Statement with symbols

Suppose H is a transitively normal subgroup of a group G. Suppose \varphi:G \to K is a surjective homomorphism of groups. Then, \varphi(H) is a transitively normal subgroup of K.

Related facts

Similar facts about similar properties

Related facts about transitively normal subgroups

Facts used

  1. Normality satisfies inverse image condition
  2. Normality satisfies image condition

Proof

Given: A group G, a subgroup H. A surjective homomorphism \varphi:G \to K of groups. M = \varphi(H). L is a normal subgroup of M.

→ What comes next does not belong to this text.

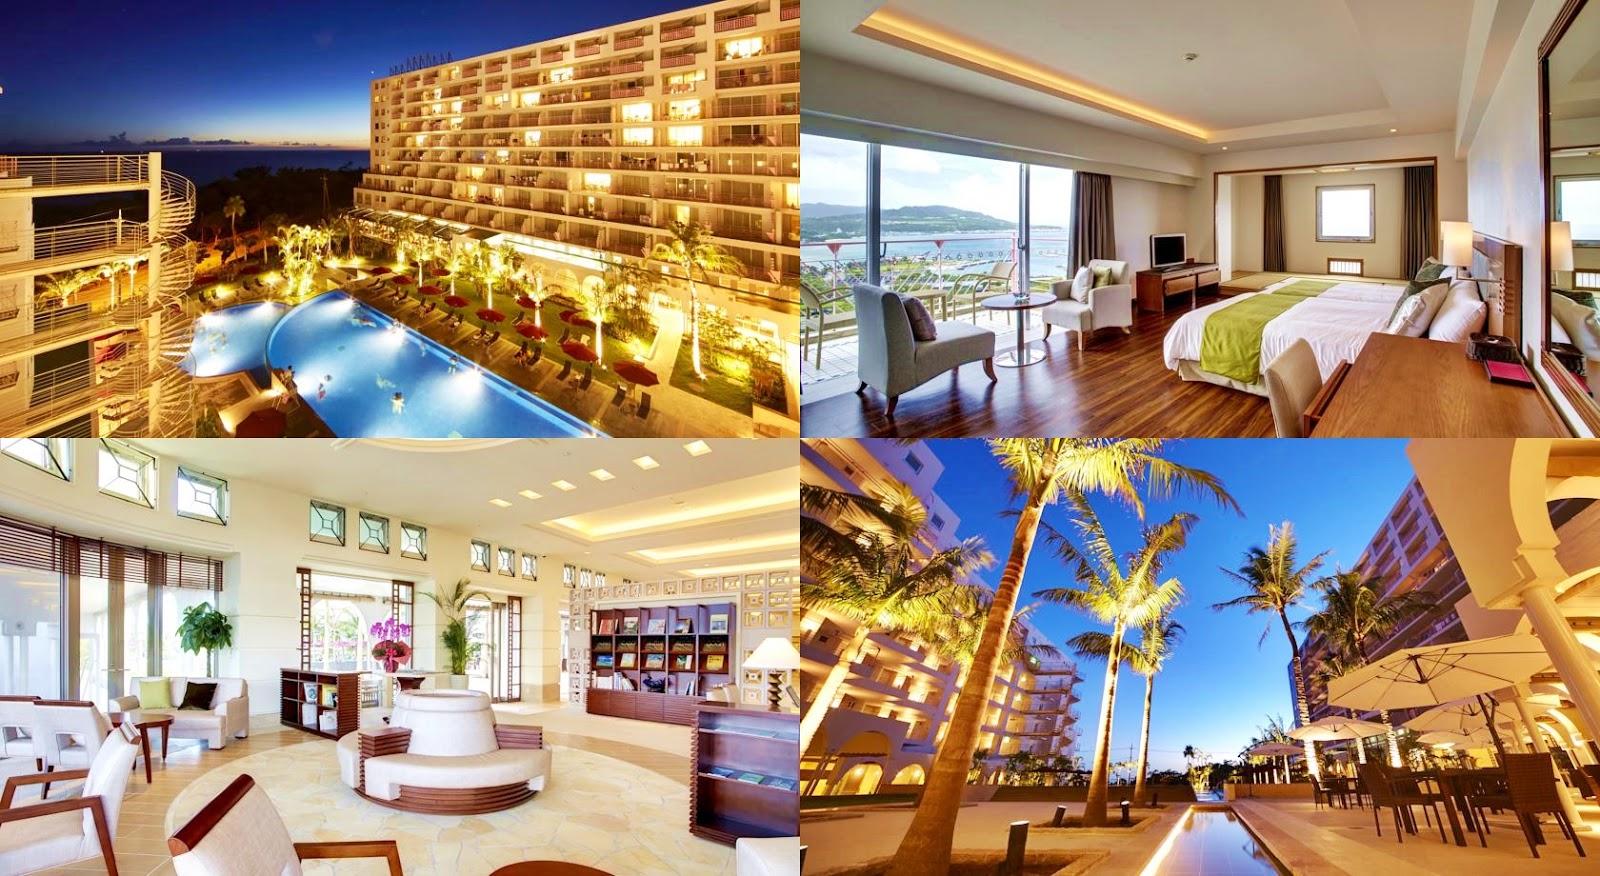 沖繩-住宿-推薦-沖繩馬海納健康度假酒店-Hotel-Mahaina-Wellness-Resorts-Okinawa-hotel-recommendation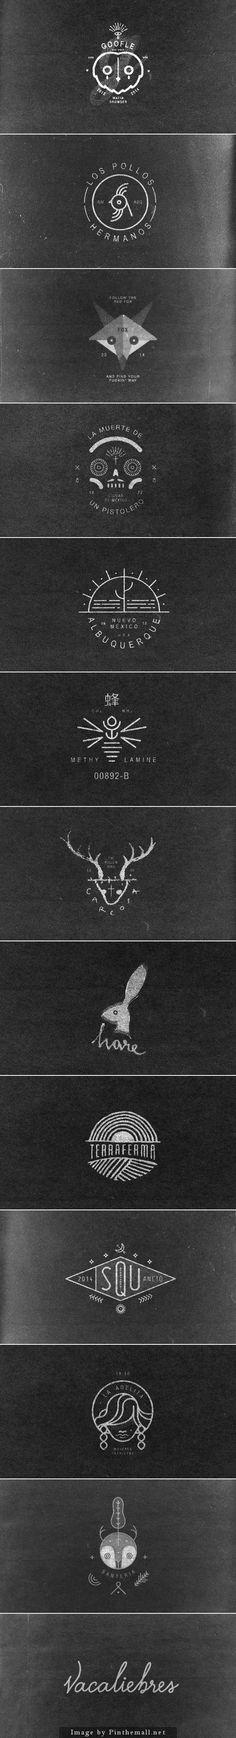 Logos by vacaliebres

To prove: L is normal in K.

Proof:

  1. N = H \cap \varphi^{-1}(L) is normal in H and \varphi(N) = L: Let \varphi_0:H \to M be the restriction of \varphi. Then, \varphi_0 is a surjective homomorphism by definition, and fact (1) yields that \varphi_0^{-1}(L) is normal in H. Further, \varphi_0^{-1}(L) clearly surjects to L, since \varphi_0 is surjective. But \varphi_0^{-1}(L) = H \cap \varphi^{-1}(L) by definition, so N = H \cap \varphi^{-1}(L) is normal in H and \varphi(N) = L.
  2. N is normal in G: From the previous step, N is normal in H. By assumption, H is transitively normal in G. Thus, N must be normal in G.
  3. \varphi(N) = L is normal in </math>K</math>: This follows from fact (2).